How to Get Involved


Have you been inspired by the projects and people shortlisted for a Heritage Angel Award? If so, do you want to follow their example? Perhaps you know of a historic building which needs to be rescued? Perhaps you want to raise funds for a community heritage project?

Being part of an organisation which brings a historic building back into use is an enormously rewarding activity and not as difficult to set up as you might think. Here are some tips on where to go for further information and support.

First, seek ideas and information from other successful projects. A good way to learn about heritage projects and building restoration is to subscribe to one of the many newsletters that are circulated free of charge by various organisations. The Heritage Alliance exists to support voluntary heritage bodies, and their fortnightly Update is full of useful information on grants and toolkits and of case studies showing what others have achieved. The Alliance’s sister body, the Historic Religious Buildings Alliance, also publishes a regular newsletter which is of especial interest to anyone facing the challenges of looking after a historic building that is used as a place of worship.

The Heritage Alliance also publishes a free online Funding Directory giving details of all the potential sources of support, financial and otherwise, for anyone seeking to undertake projects related to the heritage of the United Kingdom.

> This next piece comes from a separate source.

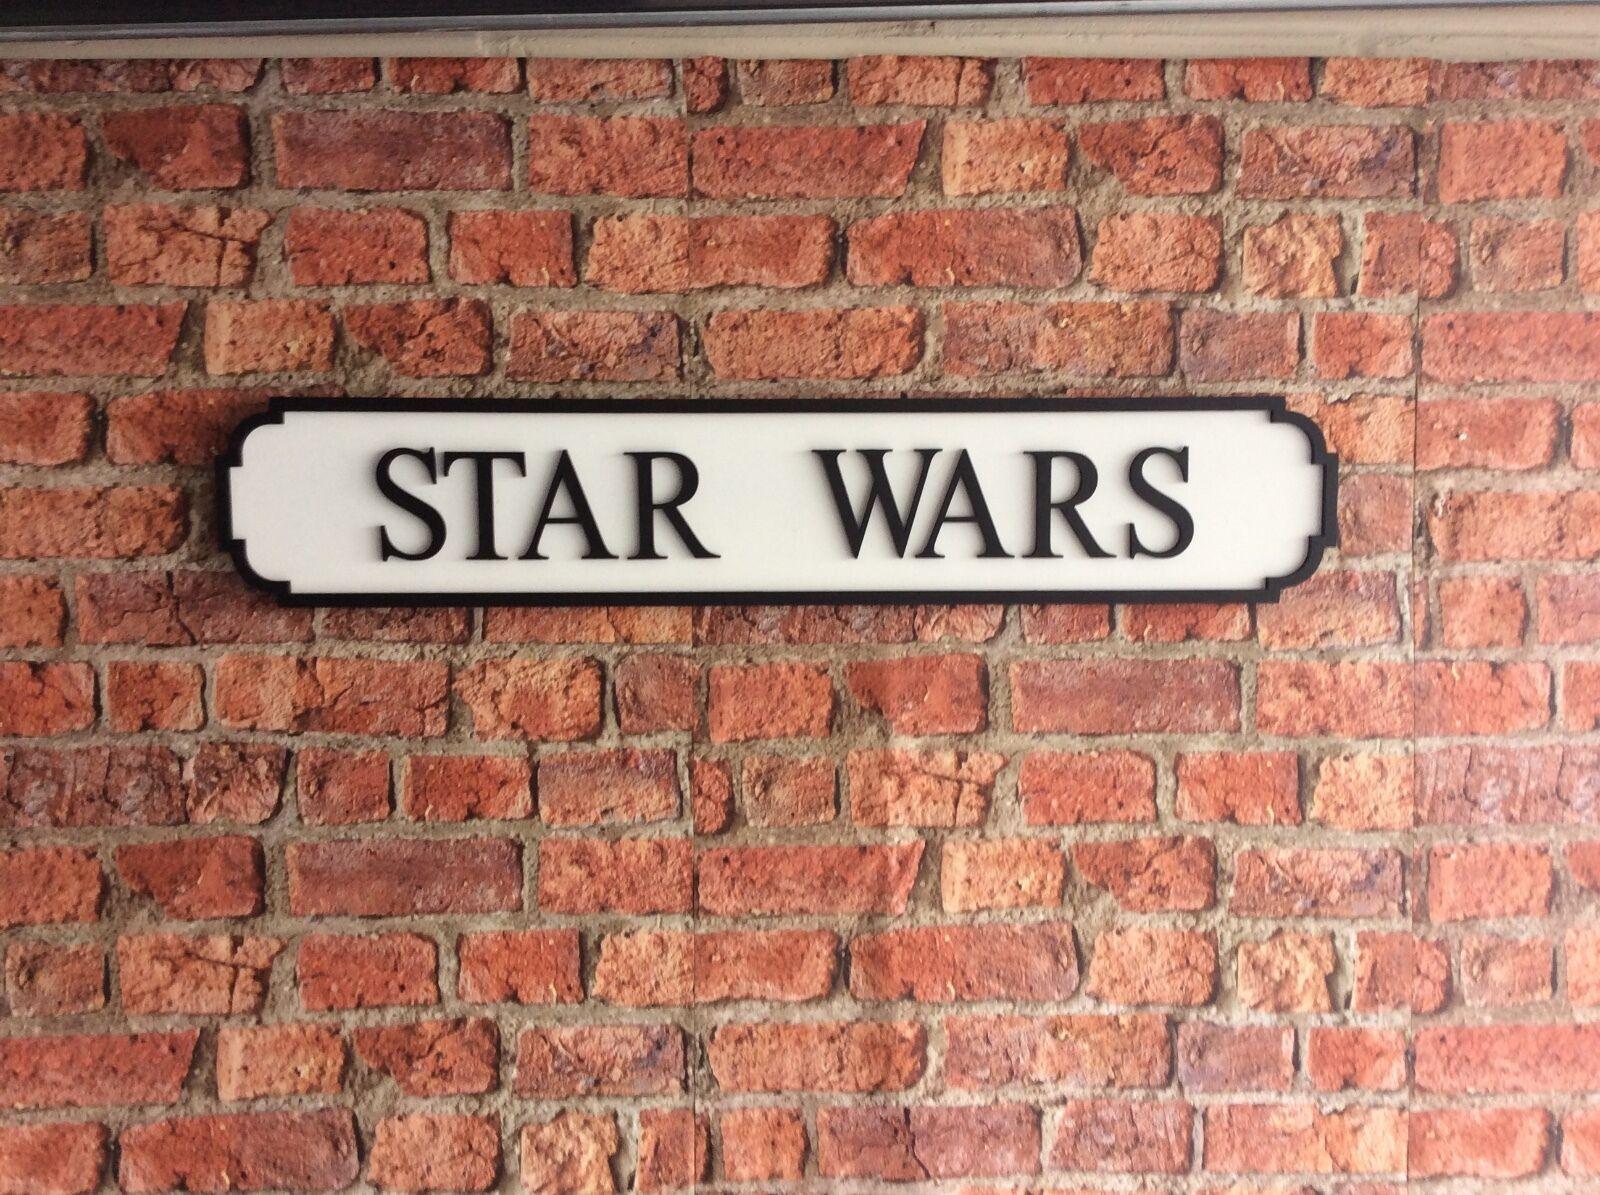 STAR WARS Vintage London Wood Street Road Sign

As well as detailing sources of grants from trusts and foundations, the Directory also lists organisations offering loan finance, awards, scholarships and other ‘in kind’ resources.

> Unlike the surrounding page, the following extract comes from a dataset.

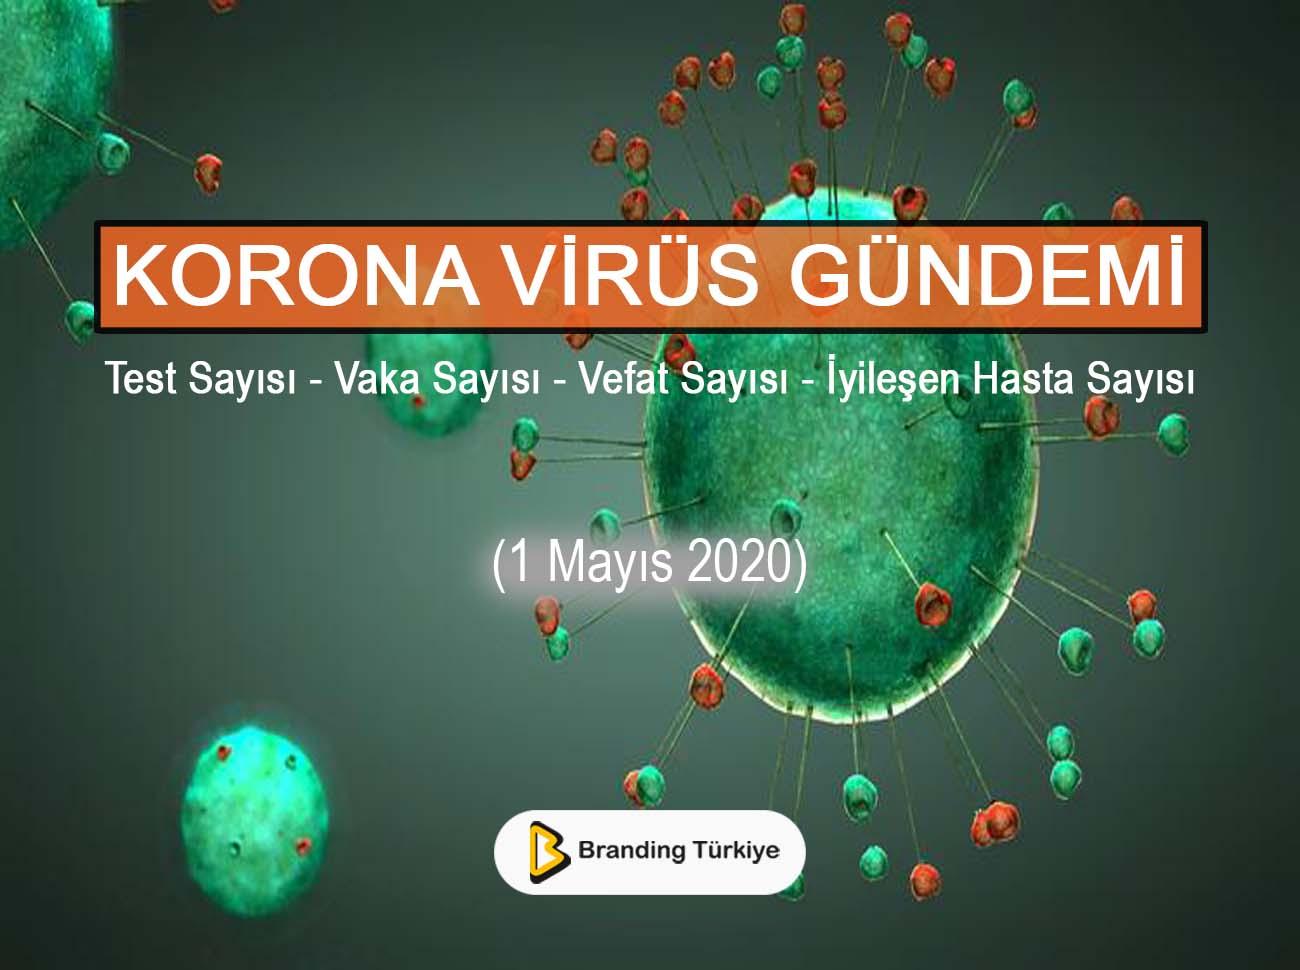 Korona Virüs Gündemi (1 Mayıs 2020)

If you are specifically searching for funding for work on historic buildings you should also explore the website of the Architectural Heritage Fund (AHF), which helps not-for-profit organisations and charities to rescue, restore and re-use historic buildings in private, local authority or charitable ownership. The website has solid advice on setting up and managing building rescue projects and applying to funders. A very valuable part of the AHF’s service is its network of regional officers who can offer advice and support to your group, whatever stage you are at – even perhaps in the early stages of thinking about forming a group.

The Architectural Heritage Fund (AHF) promotes the conservation and sustainable re-use of historic buildings for the benefit of communities across the UK. We do this by providing advice, information and financial assistance in the form of early project grants and loans for projects undertaken by charities and not-for-private profit organisations.

The AHF is unique in that we are able to offer support to local communities at every point in the life-cycle of a project – from start-up advice and grants for early development work and project planning, through to loans for acquisition and as working capital for project delivery.

We are often the first point of contact for community groups seeking to rescue historic buildings ‘at risk’. We have a network of local officers based in each UK nation who can offer advice and support to your group, whatever stage you are at. If we can’t help, we’ll signpost you to other organisations that may be able to.


Then of course there is the Heritage Lottery Fund and the Big Lottery Fund, two of the biggest sources of financial aid and expertise in the field of heritage research, training, skills development and the restoration of heritage assets – see their websites for eligibility criteria and the different grants steams on offer.

Finally, if you are interested in apprenticeships or training courses in traditional construction skills, such as lime plastering, stone masonry, and carpentry, check the ‘Training Courses’ page of the Cadw website, the website of the Tywi Centre, which specialises in courses in building repair based on traditional methods and materials, and Apprenticeships page of the Canal and Rivers Trust website, where you will find some inspiring stories of current and former apprentices explaining what first attracted them to the Trust and how their apprenticeship has furthered their careers.